Тем более что, как сказал Ллейн, что-то грядет не очень хорошее для всего этого мира, и мы, вполне возможно, были посланы Богами, чтобы помочь.
В этом случае я готова отправиться к Камню в любой момент — да мы, собственно, только и ждем, когда девочка Элейни придет в себя.
Ллейн сказал, что его гипотезу о переносе близко к Камню подтверждает тот факт, что связь, к которой он прибегнул, чтобы обратиться к пославшему его, была очень слаба. Согласно легендам, этот Камень искажает и делает невозможными вблизи себя любые, как выразилась Вайра, „искажения полей“, а потому ни получать божественные силы, ни магичить там невозможно. Иллам предположил, что Камень продуцирует мощное поле антимагии, но суть происходящего от определений не меняется. Так что чем ближе мы будем к нему подходить, тем труднее будет даже летать. Я имею в виду, конечно, Ллейна с его поясом полетов, так как никто другой из нас летать пока не может.
А сейчас, заканчивая свое повествование, я наблюдаю за тем, как Солнце взошло в зенит (на него аж смотреть невозможно) и как до ужаса уставшие, все, кроме Ллейна, начинают укладываться спать.
Итак, на сем пока.

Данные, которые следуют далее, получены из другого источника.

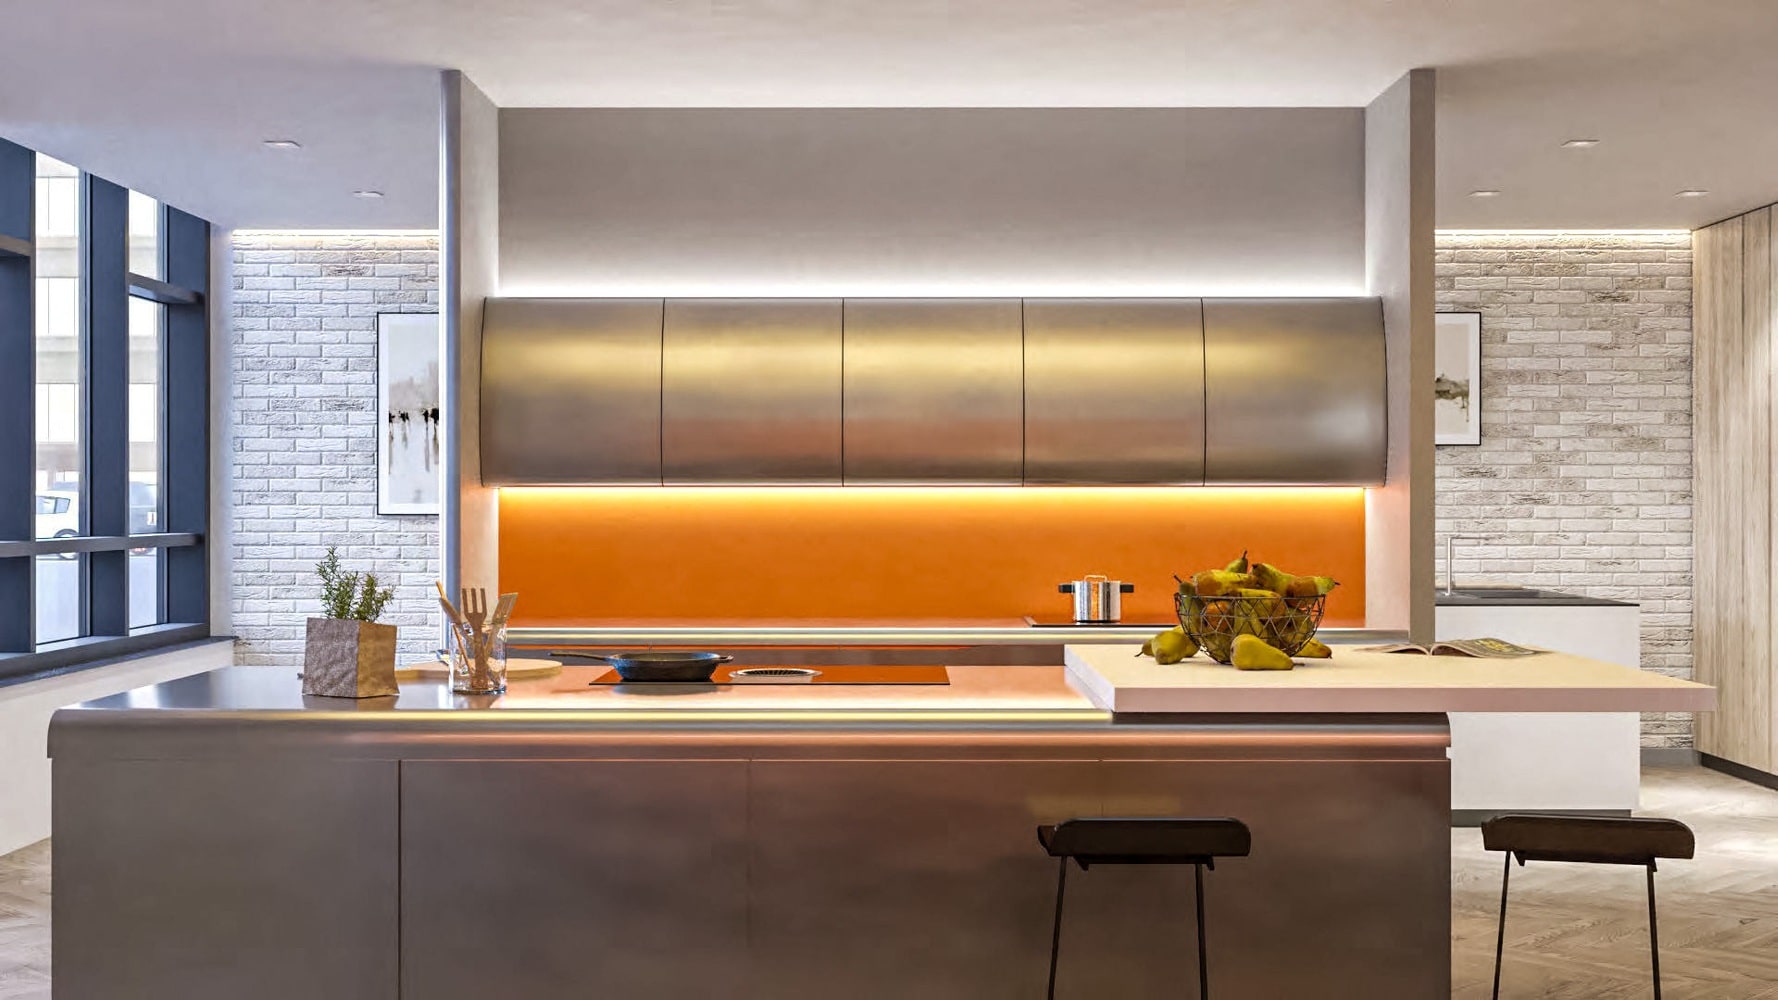 Miami Kitchen, in partnership with Biefbi, 2015

Продолжу, как только смогу. 17 сентября четыреста… Етим Милосердный, что я пишу! Сейчас спрошу у Ллейна, какое же число и год здесь. Наверное, уже ноябрь!
Оказалось, восемнадцатое июля. Просто дальний север, вот почему так холодно. И год двести пятьдесят девятый по Всеобщему Летосчислению. А не наш четыреста сорок седьмой эпохи Трех Империй…

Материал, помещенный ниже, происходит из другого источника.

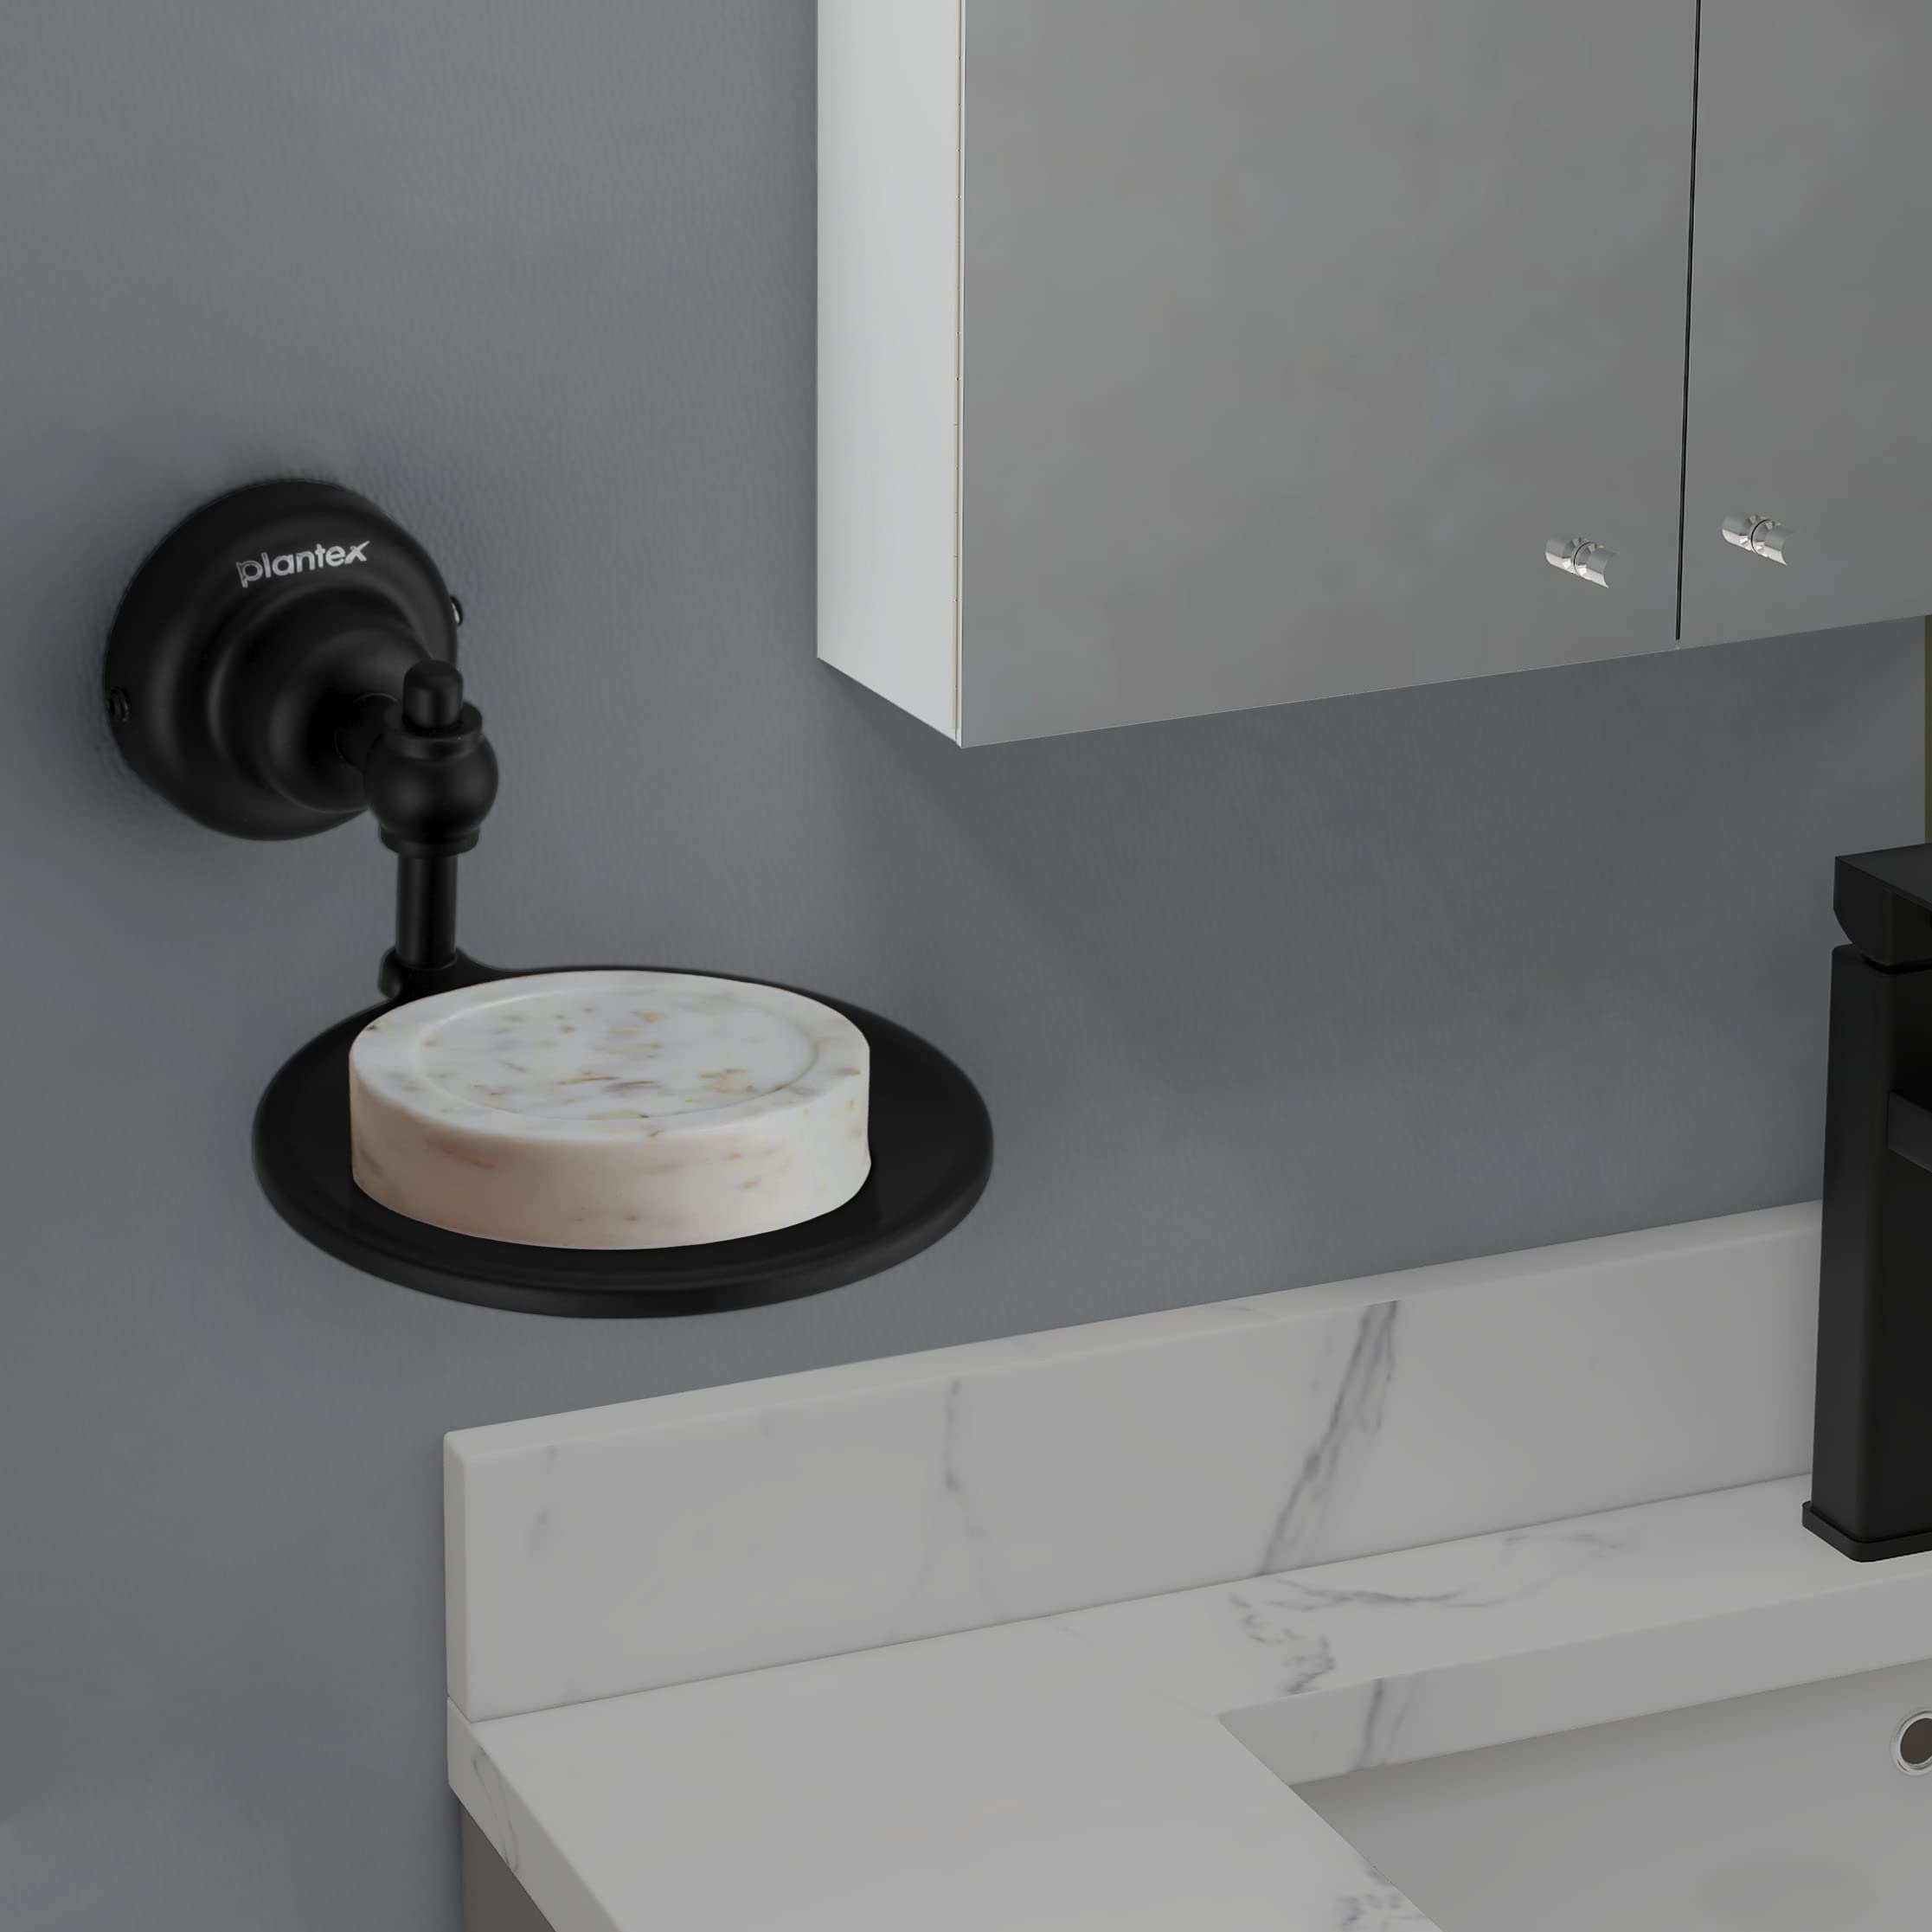 Plantex Skyllo Black Bathroom soap case/Holder/Stand (304 Stainless Steel)

В общем, тоска. Но, может быть, это хотя бы кому-то нужно?..»
Маритта отложила записную книжку и чернильный карандаш. Зевнула, прикрыв рот рукой. Еще раз посмотрела в сторону так и не приходящей в себя Элейни, которая сейчас громко застонала, говоря что-то типа: «Где же он?..», и подумала, что нужно будет еще раз, уже в пятый, попробовать обратиться к Милосердному Етиму, потому что смотреть на страдания бедной девочки больше невозможно.
С этими мыслями она бы и уснула, не случись девочке Элейни неожиданно прийти в себя.
Она привстала на сооруженном для нее возвышении, сбрасывая с себя теплый плащ Герта, и дикими глазами оглядела всех.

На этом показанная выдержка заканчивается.